Cayó la noche con la banda neoyorkina de post-punk Bush Tetras, quienes antes de tocar, le pidieron a alguien hispanoparlante que anunciara en el micrófono que no apoyan al presidente estadounidense, Donald Trump. “Amo a las señoras punketas neoyorkinas. Son mi especie favorita”, me dice una amiga mientras esta banda, conformada en su mayoría por mujeres, le raspaba a las guitarras como si aún fuera 1980.

Sin duda alguna, lo mejor del festival llegó al final. En medio de una pantalla con un video arte glitcheado en movimiento, se erguía la silueta inmóvil de Juana Molina. “Un día voy a ser otra distinta.
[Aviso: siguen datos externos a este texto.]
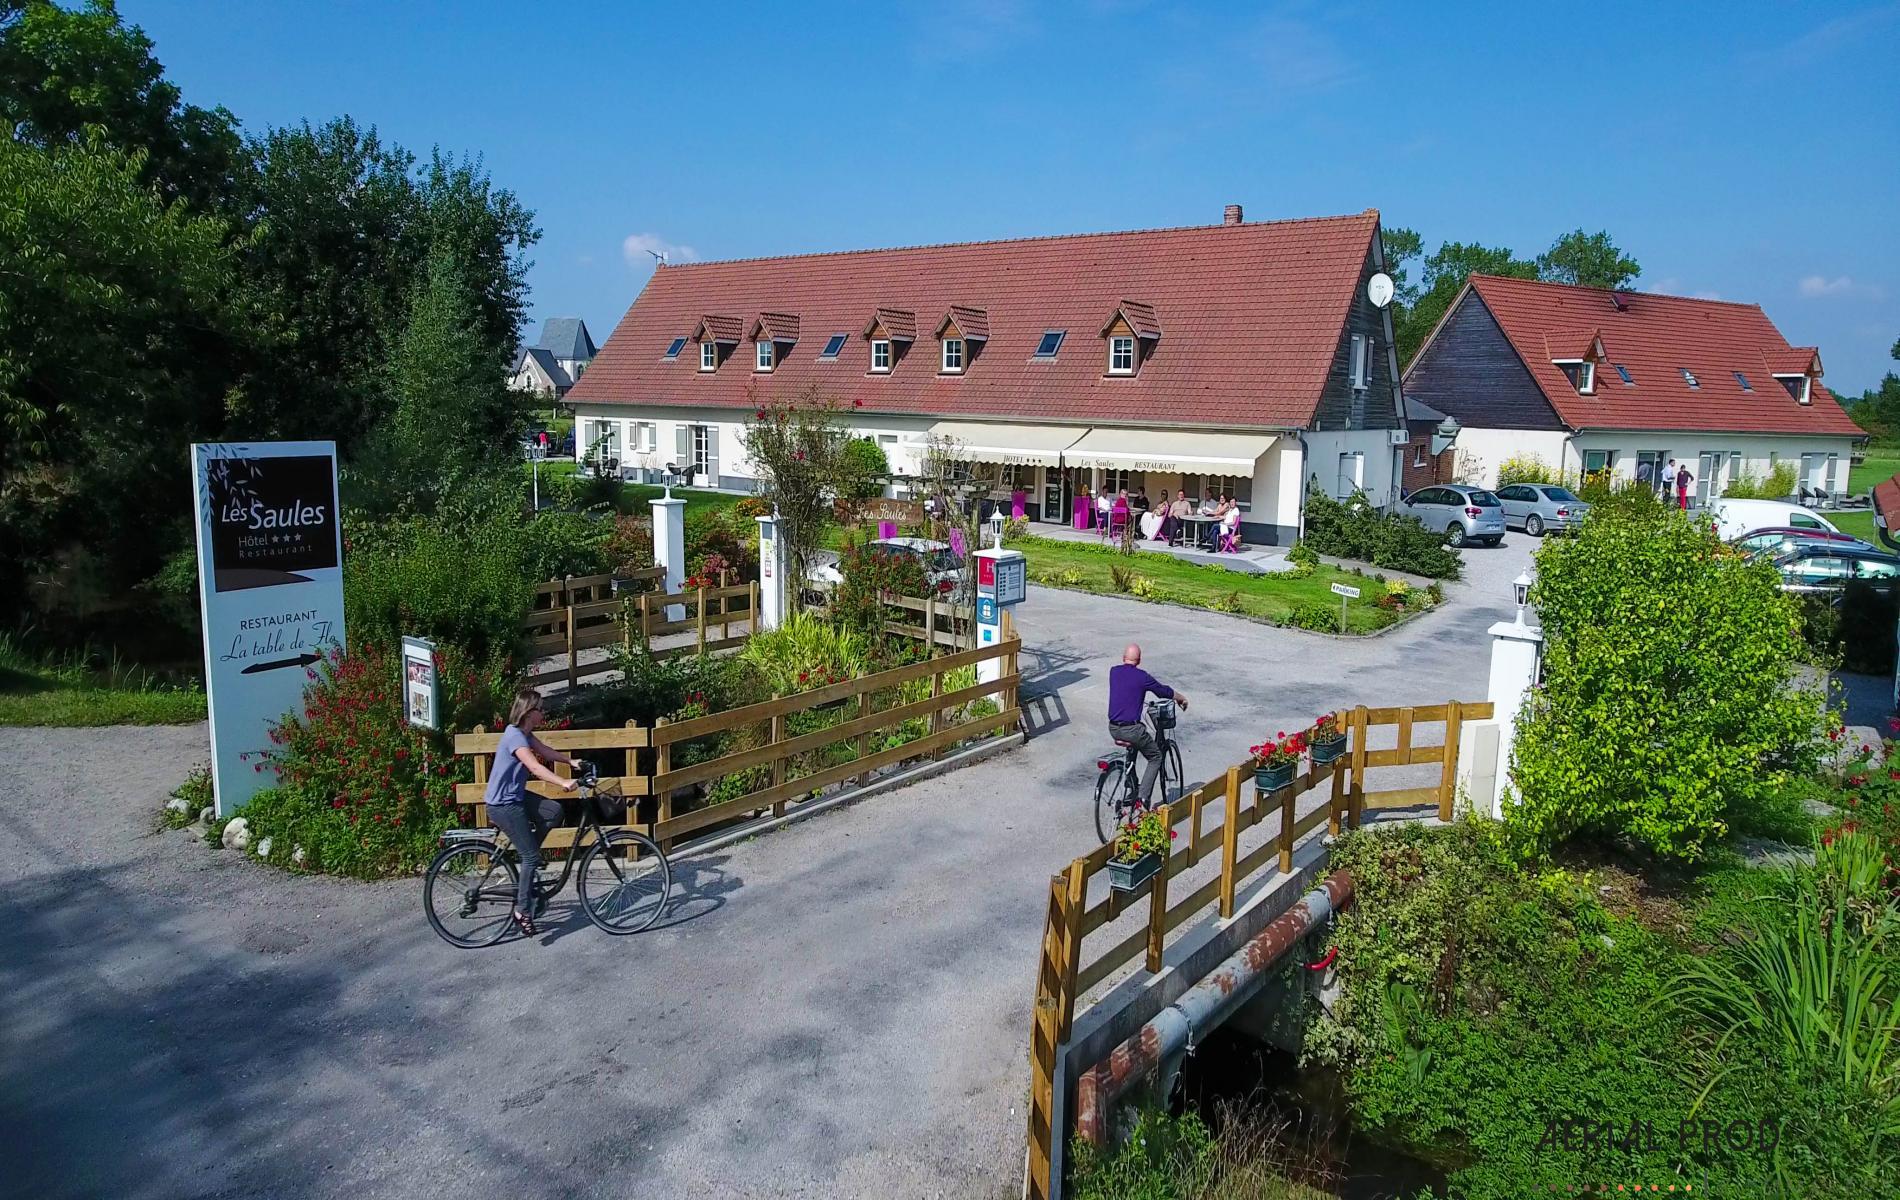 Hotel Spa restaurant Baie de Somme

Voy a hacer cosas que no hice jamás. No va a importarme lo que otros me digan. Ni va a importarme si resultará”. El show de la argentina es el epítome de la diversión y la creatividad en la música. El performance está minuciosamente confeccionado a través del uso de computadoras, riffs de guitarra propios del math rock, y visuales que nos sumergen de manera hipnótica en la música hecha a base de repeticiones. Y si ser cyborgs no fuera lo suficientemente divertido, Juana y su bajista, Odin, terminaron el set brincando como conejos por el escenario, mientras activaban más y más secuencias. 

La cantante venía acompañada de dos músicos, uno en el bajo, teclados y sampler, y un baterista que igual activaba quién sabe cuántos sonidos. Era una orquestita de tres soltando varias capas de música que evolucionaba en una textura genuina de rock argentino futurista. Ni te dabas cuenta cuando se estaban loopeando. Eran músicos ingeniosamente colaborando con computadoras. Se nota cómo estos procesos los llevan a tocar de maneras nuevas. Estructuras diferentes, sonidos frescos, y mucho estilo. 

De las pocas palabras que escuchamos de la voz de Juana, un enorme agradecimiento era expresado, para el público y para el NRMAL; “un profesionalismo hermoso” decía Juana para referirse a la producción. Y es que sí; a quién le importa que no viniese el productor super estrella. El headliner del festival fue el sentimiento de comunidad y camaradería que todos los allegados a la música en CDMX vivimos durante toda la tarde del sábado.